Aggressiveness is fine. Fraud is not.
I’m an advocate for calling the gray areas in your favor. I think most of us worry too much about an audit. An audit is just a counteroffer.
Must disagree even though it has a catchy ring to it. An audit is not just a counteroffer. While a great preparer is actively searching for ways to exploit tax law, the IRS is actively looking for mistakes, fraud, and lack of documentation. I wouldn’t want to give blog readers the impression that the IRS is limited to counteroffers.
It seems that the elephant hasn’t left. WCI, is your definition of a gray area the same as Johanna’s? Johanna, you correctly state that there are plenty of gray areas in the code, but which, if any, exist with respect to your typical HNW doctor’s tax planning? WCI, can you give any examples?
Employee versus IC, hobby versus business, home office deductions, the meaning of “contemporaneous”, s-corp “reasonable” salary, business versus pleasure in travel, business entertainment, writing off auto deductions for business, valuation of non-cash deductions, use of your cell phone, capitalizing an asset versus directly expensing…
Not all are limited to HNW clients, of course.
I could go on for awhile but I have 4 computer screens begging for attention. I’ll think of lots more examples after hitting “Post Comment” and it will drive me crazy!
For sure the “reasonable salary” is very, very gray. I agree with Johanna’s list. Lots of others too. For example, what if you legitimately deserve a deduction but don’t have the documentation for it? (You lost it or whatever.) Should you claim it, knowing you would lose an audit?
Your taxes are a negotiation. Your 1040 is the first offer. It’s taken most of the time. In an audit, all the auditor can do is either force you to take their offer, or go to tax court. That’s it. It’s a counteroffer. You can just take their counteroffer and be done if you like.
I don’t mind the disagreement. The 1040 is a statement that “Under penalties of perjury, I declare that I have examined this return and accompanying schedules and statements, and to the best of my knowledge and belief, they are true, correct, and complete.” It is an affirmation made and signed by you, whether by hand or electronically. If it were merely an offer, it would say so. That is how some people start down the long road that ends up in jail.
I think you’re taking me slightly too literally. Of course I think you should feel comfortable signing your name to that statement.
Addendum to your comment re: the dog ate your deductions. You actually can claim most legitimate deductions, just need to know what you are doing. See the Cohan rule. Other examples are M&E under $75 and donations under $250.
I have been accused of that a few times 🙂
” As long as I believe that I could successfully defend a position on audit, with integrity, I have no problem taking that deduction or position.”
Johanna, I couldn’t agree more. Good list of gray areas. A great CPA should be able to advise with regard to limits on reasonableness in each of these areas; aggressive to such limit, but not beyond. If WCI is suggesting going a “comfortable” level beyond the limits, because, for example, you may succeed in the audit lottery, I would disagree.
I’m sure both Johanna and WCI would agree that inflating or creating deductions, or underreporting income is not appropriate.
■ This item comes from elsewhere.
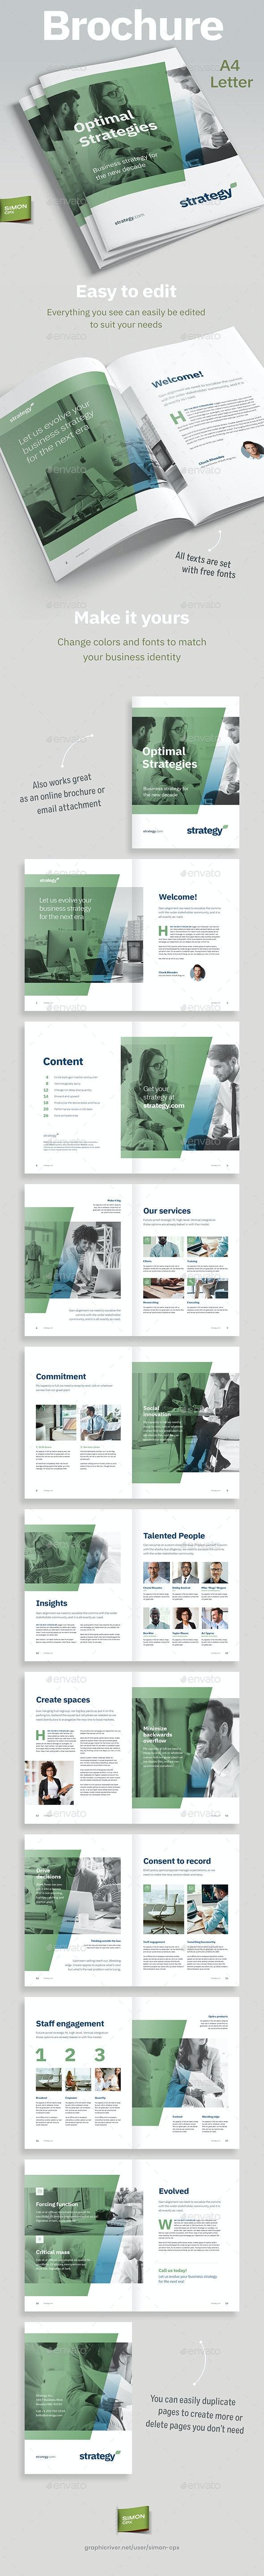 Strategy Brochure Template - Corporate Brochures
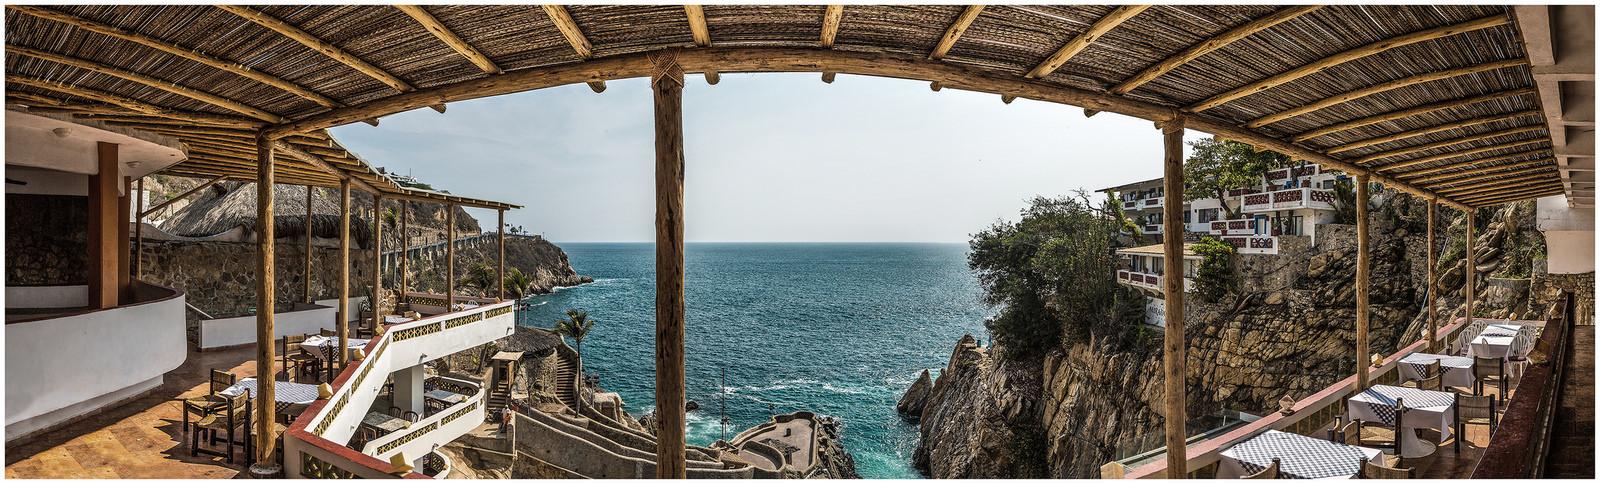 Acapulco-La-Quebrada-Richard-Cawood

There are instances where such actions are possible, with a high degree of certainty that the taxpayer will not be caught. In other words, where crime does pay. My personal view is that this is wrong; you are not stealing from the government, but from other taxpayers who ultimately must make up the deficit in revenue. Johanna gets it right when she adds — “with integrity”.
No. I don’t advocate taking a deduction you know you’ll lose in an audit in hopes that you don’t get an audit. But if you have researched it and truly believe you are taking a legit deduction, then sure, go for it. But when it’s gray, I wouldn’t recommend being super conservative in hopes of not getting an audit and leaving a ton of money on the table.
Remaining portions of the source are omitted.